An interesting more recent trend is the incorporation of runtime verification techniques into aspect oriented programming where aspects become specifications using temporal logic, regular expressions, grammars or state machines. In this form of languages it becomes possible to express statements of the form "when this trace predicate is true about the trace seen so far, execute this piece of code". As can be seen, this amounts to monitoring a program execution against a specification and activating repair code when violations occur.
The long term goal of this effort is to develop a theory and a set of tools for performing dynamic analysis in the context of a verifying compiler. One can imagine that a verifying compiler, given a program and a specification, is able to only prove parts of the specification, and that the "left-overs" are thrown to a dynamic analysis tool to monitor during test or even operation of the tool.
The short term goal is to stimulate the scientific community to gather around this subject to discuss possible problems and solutions. One of the initial focus points of the effort is the problem of how to instrument code and how to monitor a program execution against a formal specification. This includes a discussion of what are good specification languages for dynamic analysis, or how one performs dynamic analysis using existing specification languages.
Topics
The following topics (amongst others) are of interest.

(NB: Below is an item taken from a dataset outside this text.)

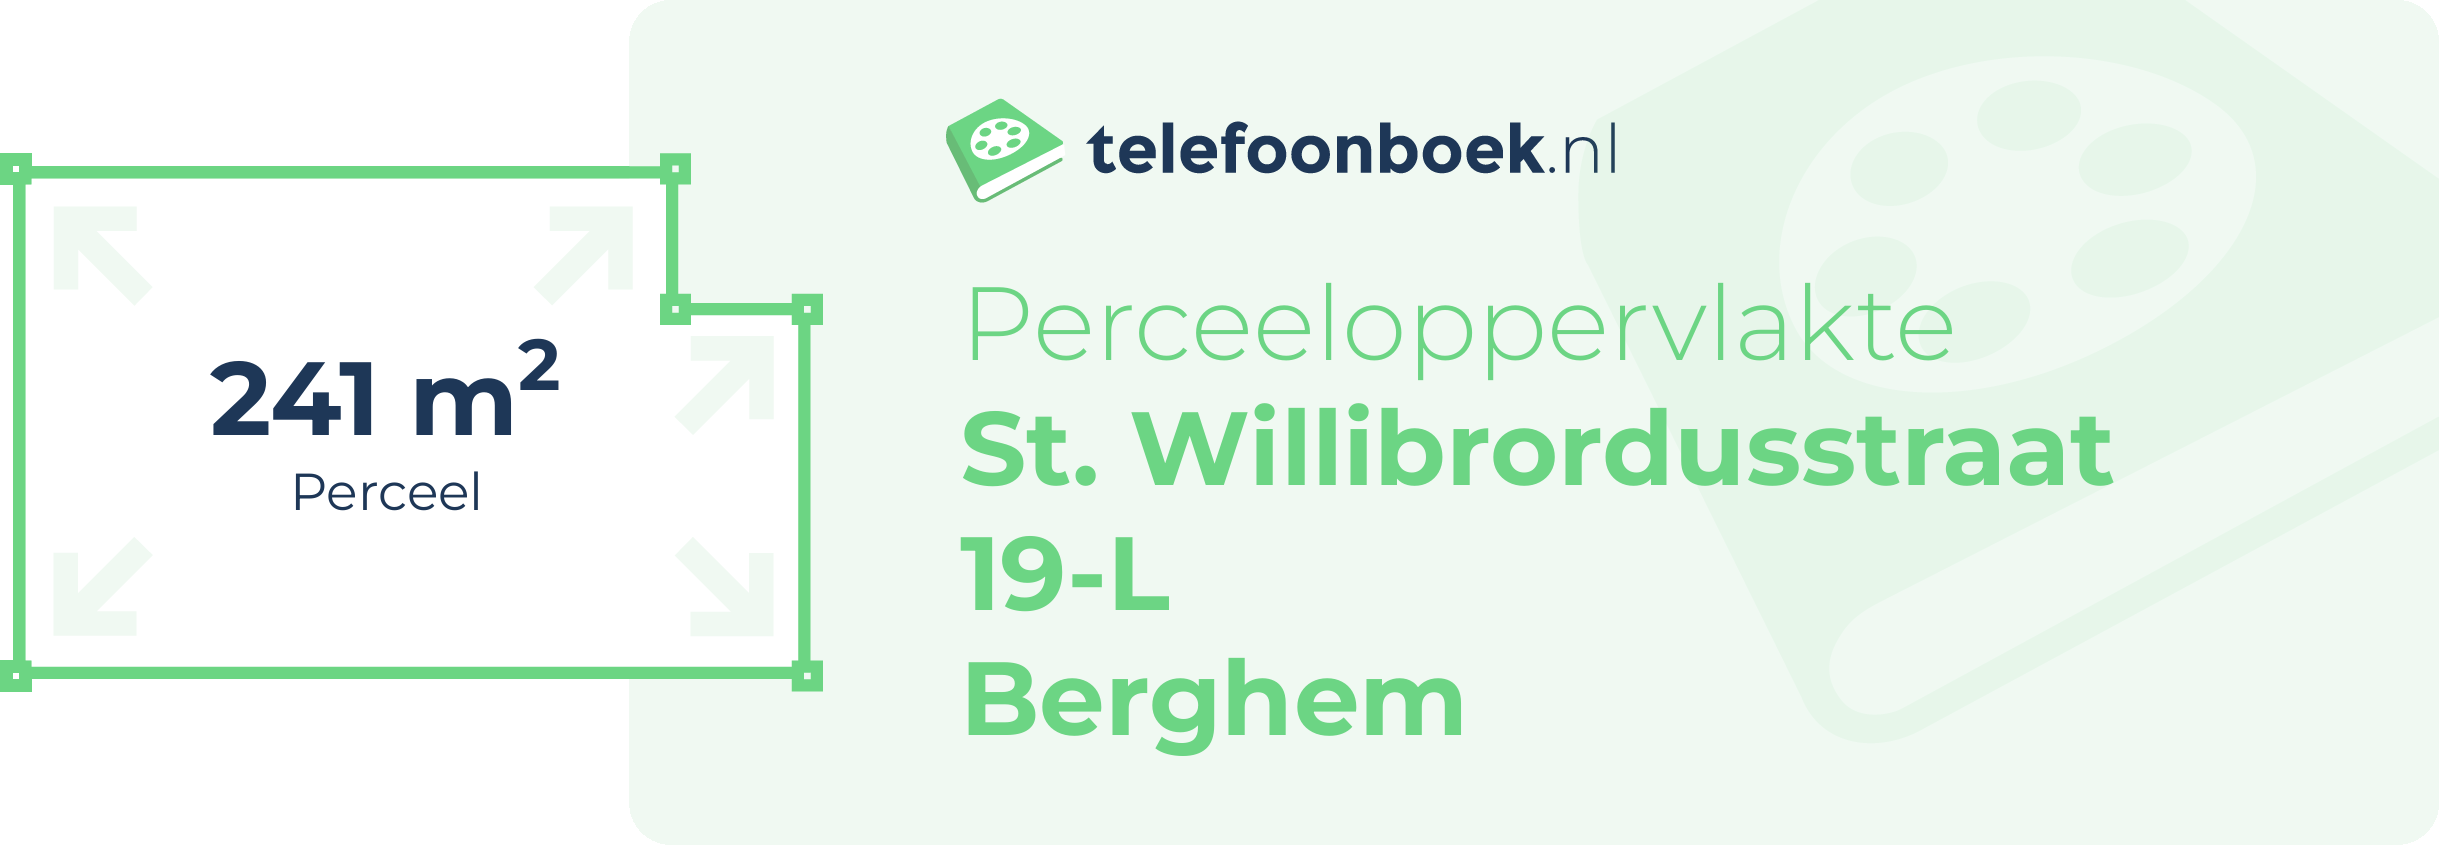 Perceeloppervlakte St. Willibrordusstraat 19-L Berghem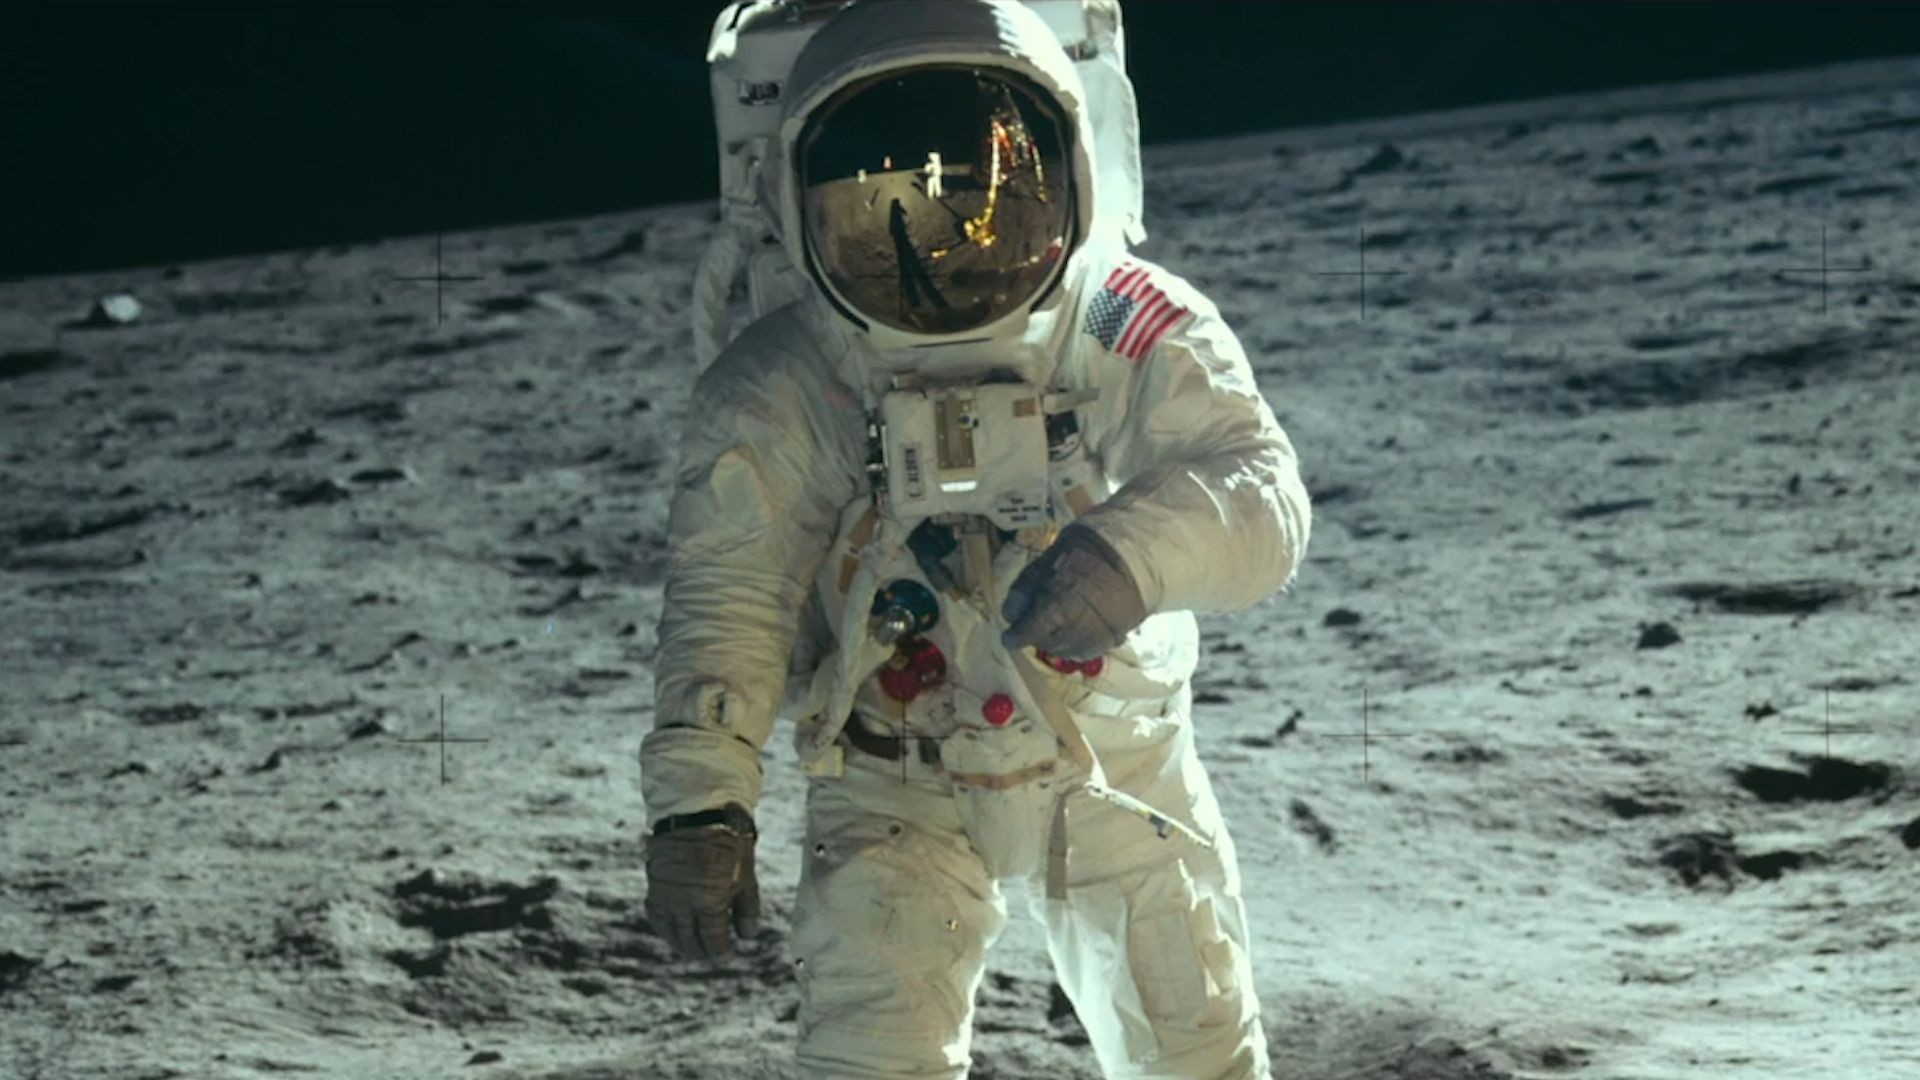 Desembarque na Lua durante a Apollo 11 (Foto: Divulgação/ NASA )

Specification languages and logics
Specification languages and logics have in the past been developed that are suitable for model checking and theorem proving. Monitoring can however reveal new requirements and may lead to new forms of observation-based foundational logics. Monitoring will always have an impact on the monitored system, especially if the evaluation of the specification happens as part of the program. Hence execution efficiency suddenly becomes crucial for such logics, in contrast to what is the case for example in theorem proving logics.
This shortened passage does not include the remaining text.